Visual structure at a glance.
Named ideas worth stealing.
Self-Improving Task Loop
- Layer 1: Fix Scripts (Error to Edit Code to Fixed)
- Layer 2: Update Prompt (Old Prompt to Rewrites Itself to New Prompt)
- Layer 3: Log as Memory (Last Log to Learns Each Run to New Log)
Three-layer architecture that lets a scheduled task improve over time without human intervention: fix broken code on error, rewrite the prompt when improvements are found, maintain a run log so the next stateless session has context.
Pre-Flight / Main Task / Post-Run Prompt Structure
- Pre-Flight (30s): Read run-log.md, fix known issues before starting
- Main Task: Execute the actual skill or automation
- Post-Run (30s): Overwrite run-log.md with status, issues, state for next run
Three-phase prompt structure that gives each stateless scheduled task session a lightweight memory without bloating context.
Script vs Agent Decision
- Cron Script: deterministic, fixed path, no recovery, no context
- Claude Code Agent: full codebase access, MCP tools, reasoning, self-healing, can rewrite itself
Framework for deciding when to use a traditional cron script vs a Claude Code scheduled agent based on need for error recovery, dynamic reasoning, and self-improvement.
Lines you could clip.
"This is not a deterministic workflow. And that is the huge unlock."
"You are no longer the bottleneck, and these skills and workflows can actually get better and better over time automatically."
"If you run an automation a thousand times, then you might have a thousand append logs."
"The only bridge between runs is files on disk."
How they asked for the click.
"What you need to do now is go learn how to set up your project and create your own executive assistant."
Clean end-of-video link to prerequisite setup video. No hard sell. Appropriate given the tutorial format.
Word for word.
Automation that fixes itself while you sleep.
The shift from cron scripts to agent sessions is the difference between automation that stops when something breaks and automation that diagnoses the problem, fixes its own code, and runs correctly the next time.
- Scheduled tasks run a full Claude Code agent, not a script, so error recovery, tool access, and self-modification are all in play from the first run.
- The stateless design is intentional: each session starts clean to prevent context bloat, but requires an explicit on-disk memory pattern to accumulate improvement over time.
- One overwritten log file per task, not an append log, keeps context short enough to fit in a session without degrading over hundreds of runs.

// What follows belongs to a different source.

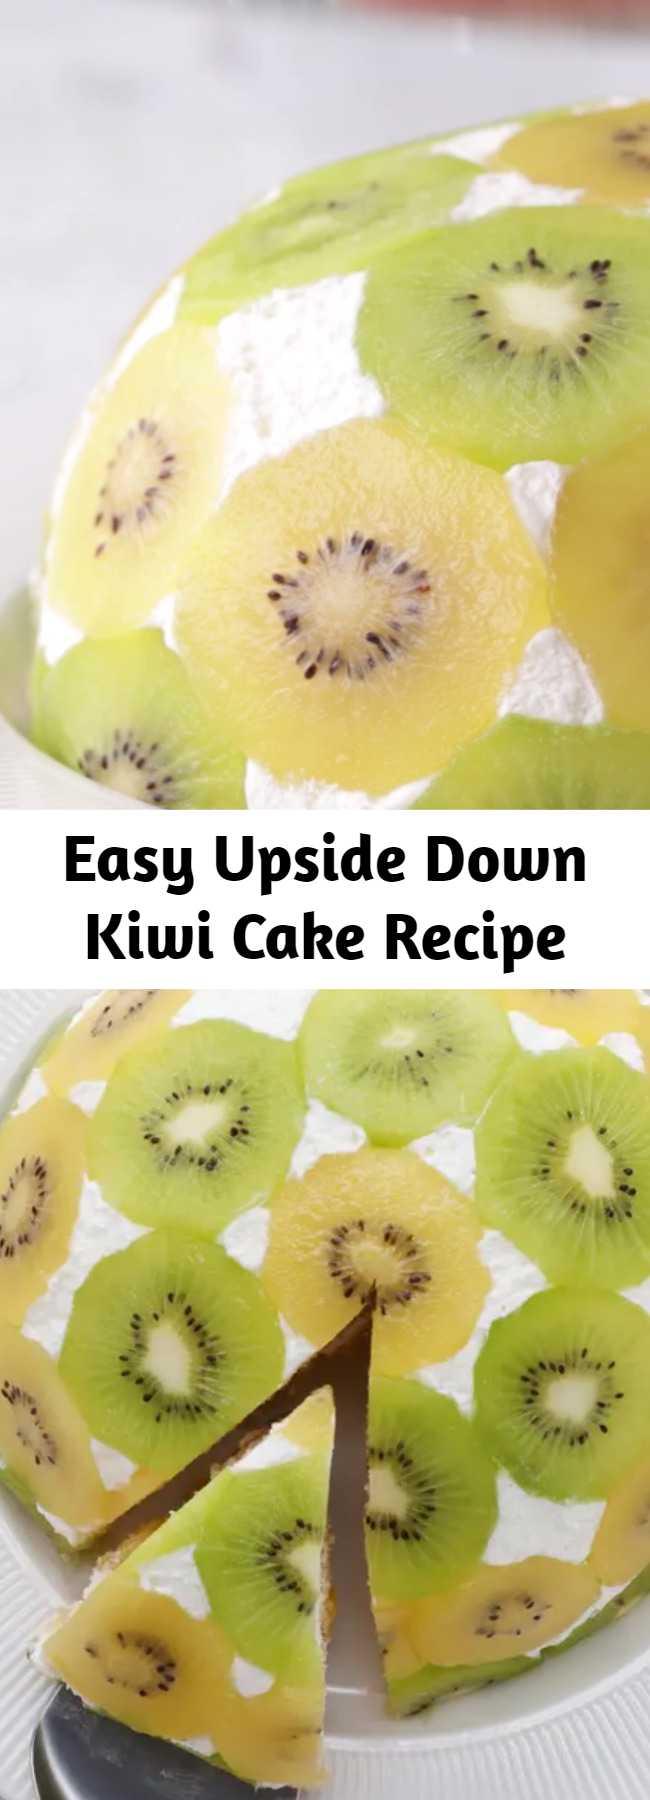 Easy Upside Down Kiwi Cake Recipe - This Upside Down Kiwi Cake looks amazing and taste even Better!!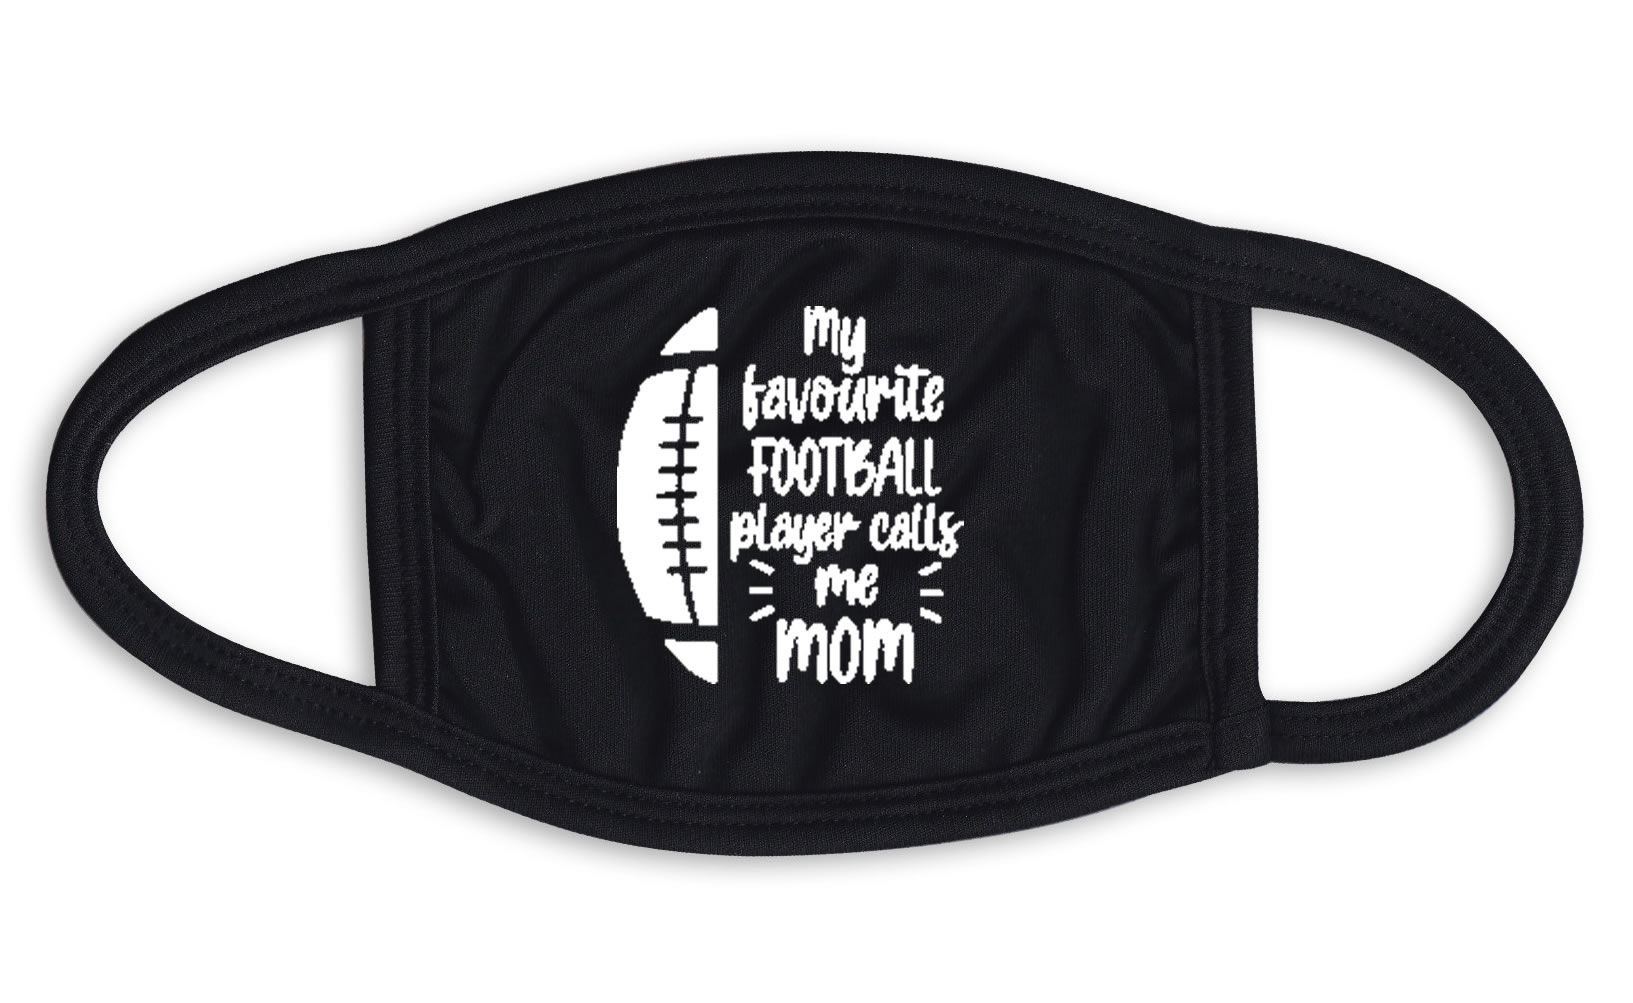 My Favorite Football Player Calls Me Mom

- The three-layer self-improvement loop means fix code on error, rewrite the prompt when improvements are spotted, and update the run log each time, so a well-structured task gets more reliable the longer it runs unsupervised.
- The desktop-app-only constraint is architectural, not a polish gap: the cron scheduling mechanism lives in the app, not in files any process can trigger.
- Always run a new task manually before leaving it on schedule to flush permission prompts that would otherwise silently pause an unattended run.
- Any existing Claude Code skill becomes a scheduled automation with one sentence of natural language instruction, making the activation cost near zero once the skill exists.